Edit: John Machin has pointed out that the curious typecasts char *m1 etc are probably done for speed and/or memory optimization; these variables are still treated as arrays of numbers. i realize that the code does nothing to prevent a possible overflow with long strings; erroneous results may occur when one array element exceeds 127 or 255 (depending on the C compiler used). sort of surprising for code coming from a bioinformatics project.

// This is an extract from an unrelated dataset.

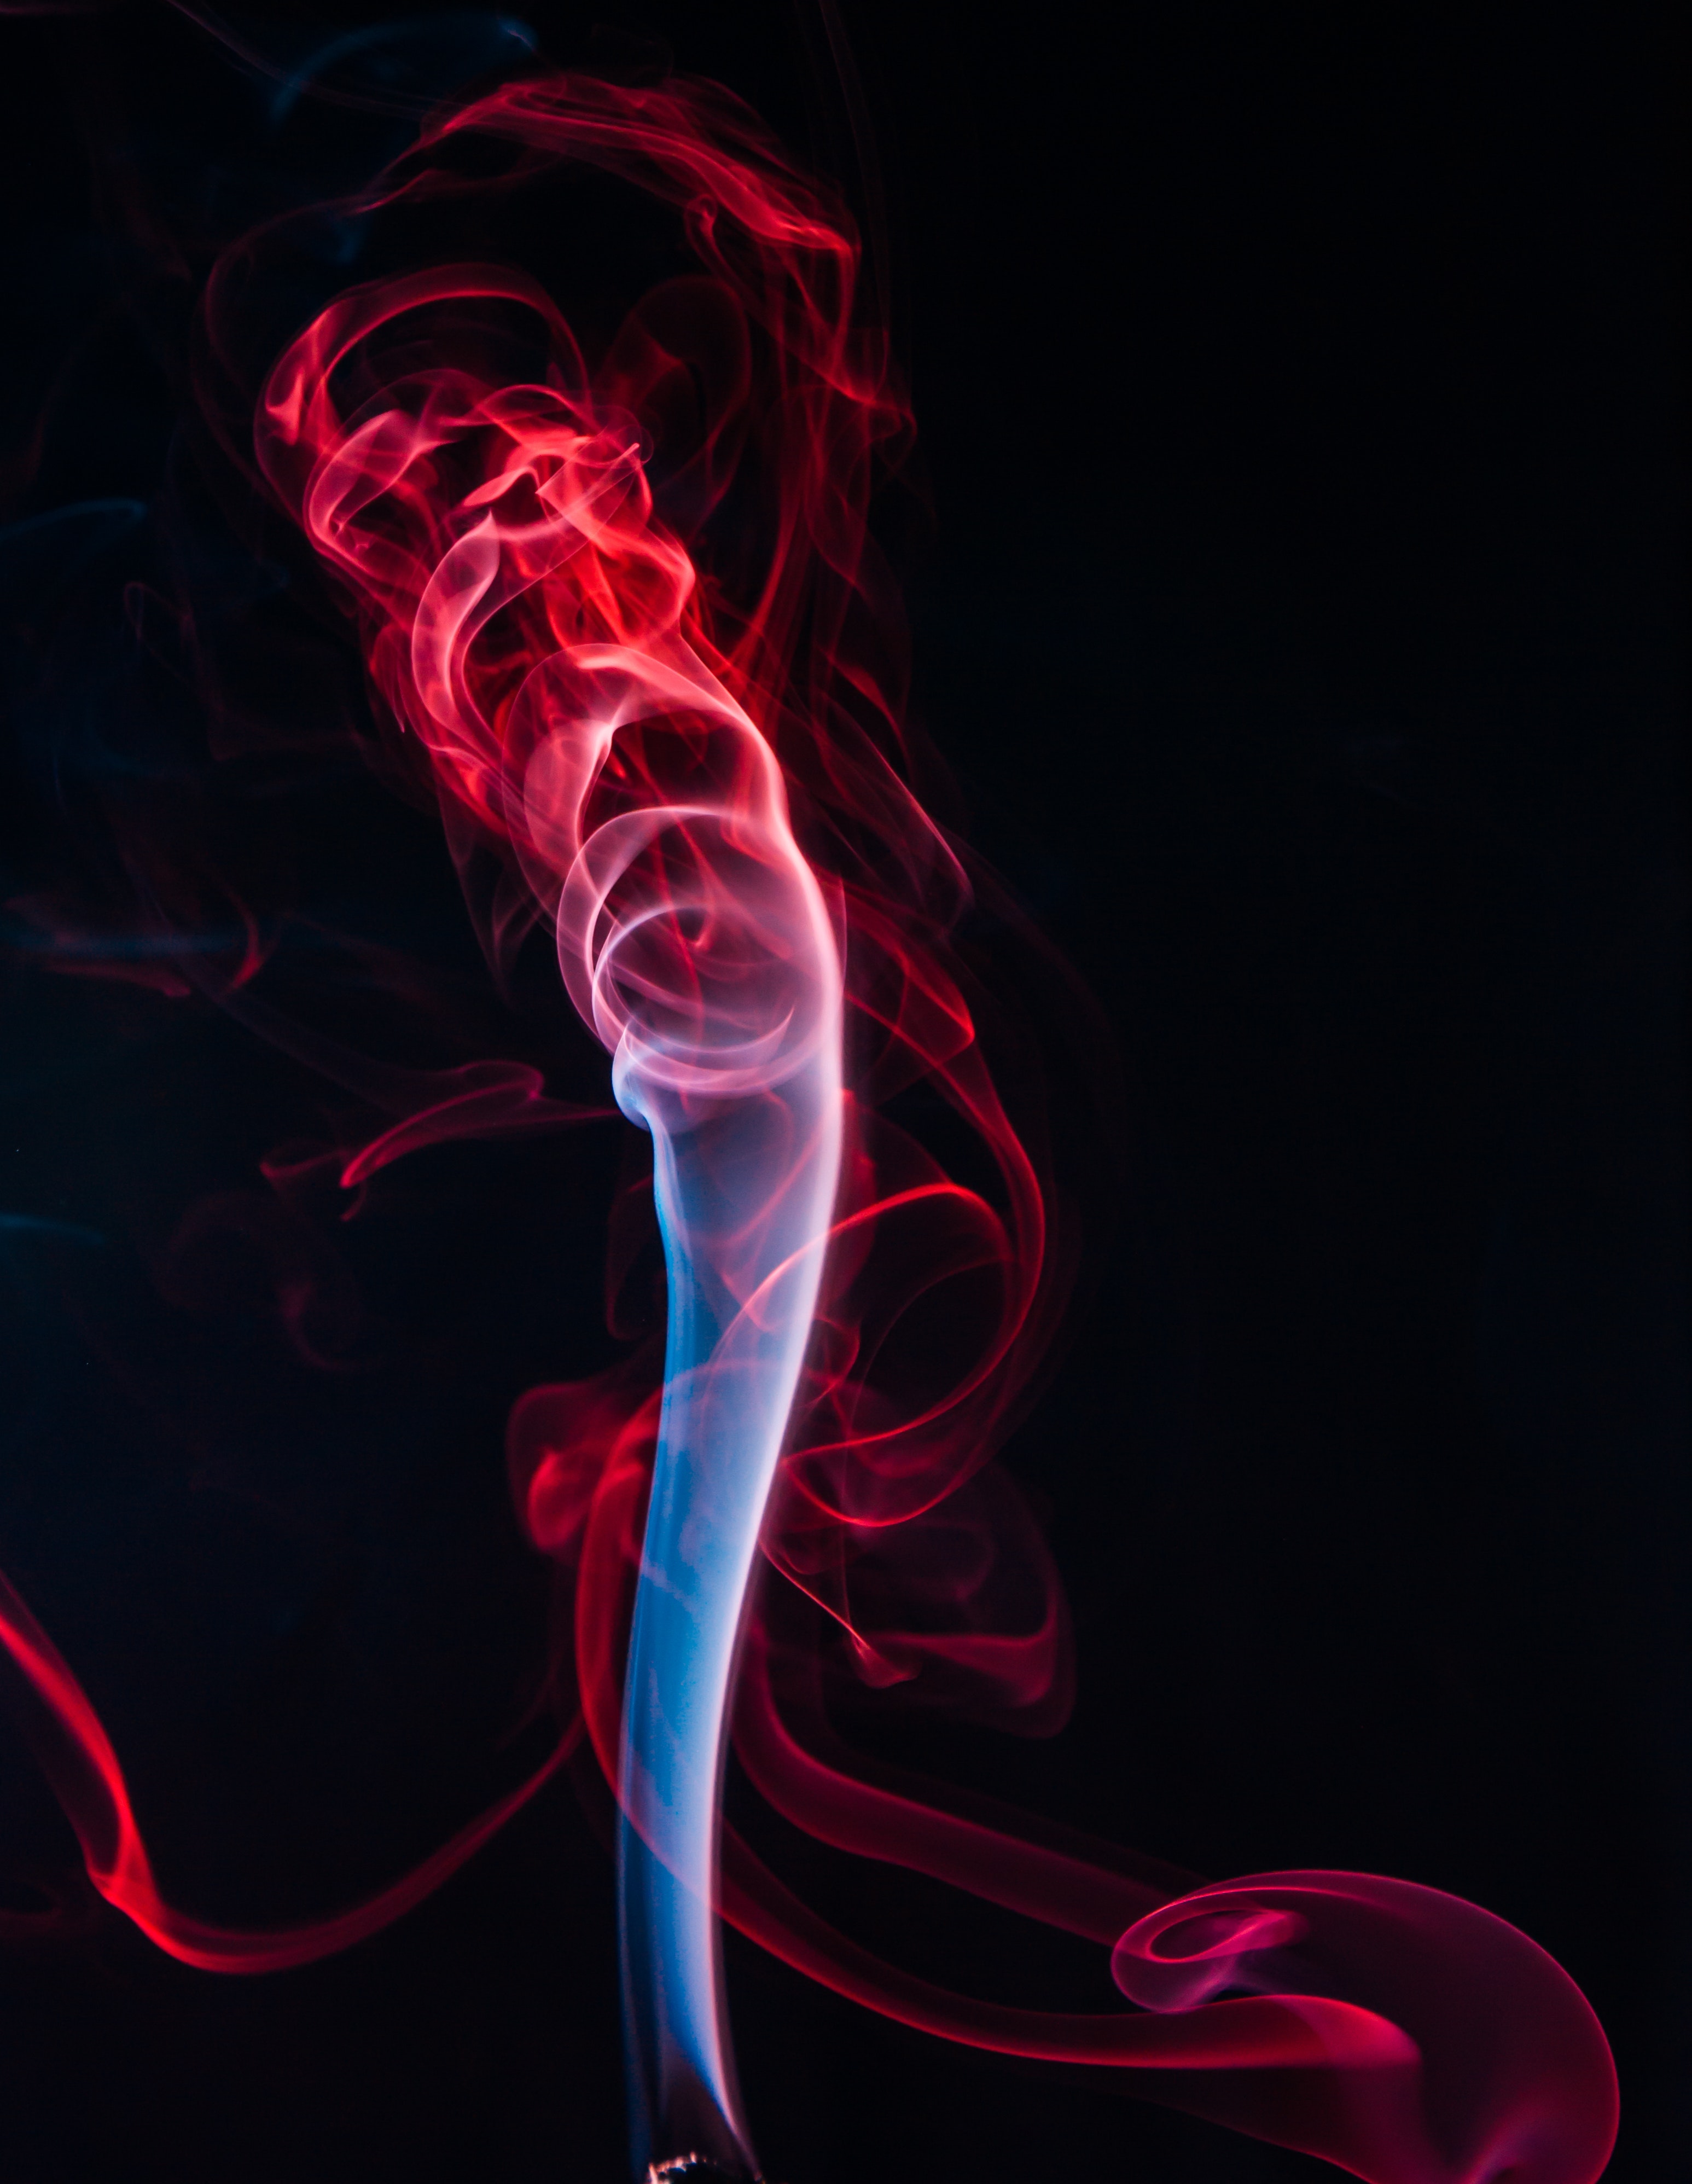 coloured smoke, black, colored smoke, clots, abstract, red, shroud

that said, i am only interested in precise results for largely identical strings of less than say a hundred characters or so. results below 60% sameness could for my purposes be safely reported as 'completely different' (by returning the length of the longer text), so i guess it will be best to leave the char *m1 casts in place, but add some code to check against overflow and early abortion in case of rampant dissimilarity.
Use ord() to convert characters to their integer code point. It works characters from either unicode or str string types:
codepoints = [ord(c) for c in text]
Caveat lector: I've never done this. The following is a rough sketch of what I'd try.
You will need to use the PyUnicode_AsUnicode function and the next one, PyUnicode_GetSize. In declarations, where you currently have char, use Py_UNICODE instead. Presumably with a narrow (UCS2) build you will copy the internal structure, converting surrogate pairs as you go. With a wide (UCS4) build you might operate directly on the internal structure.
i close this question because i have found a better algorithm... with its own problems. see you over there.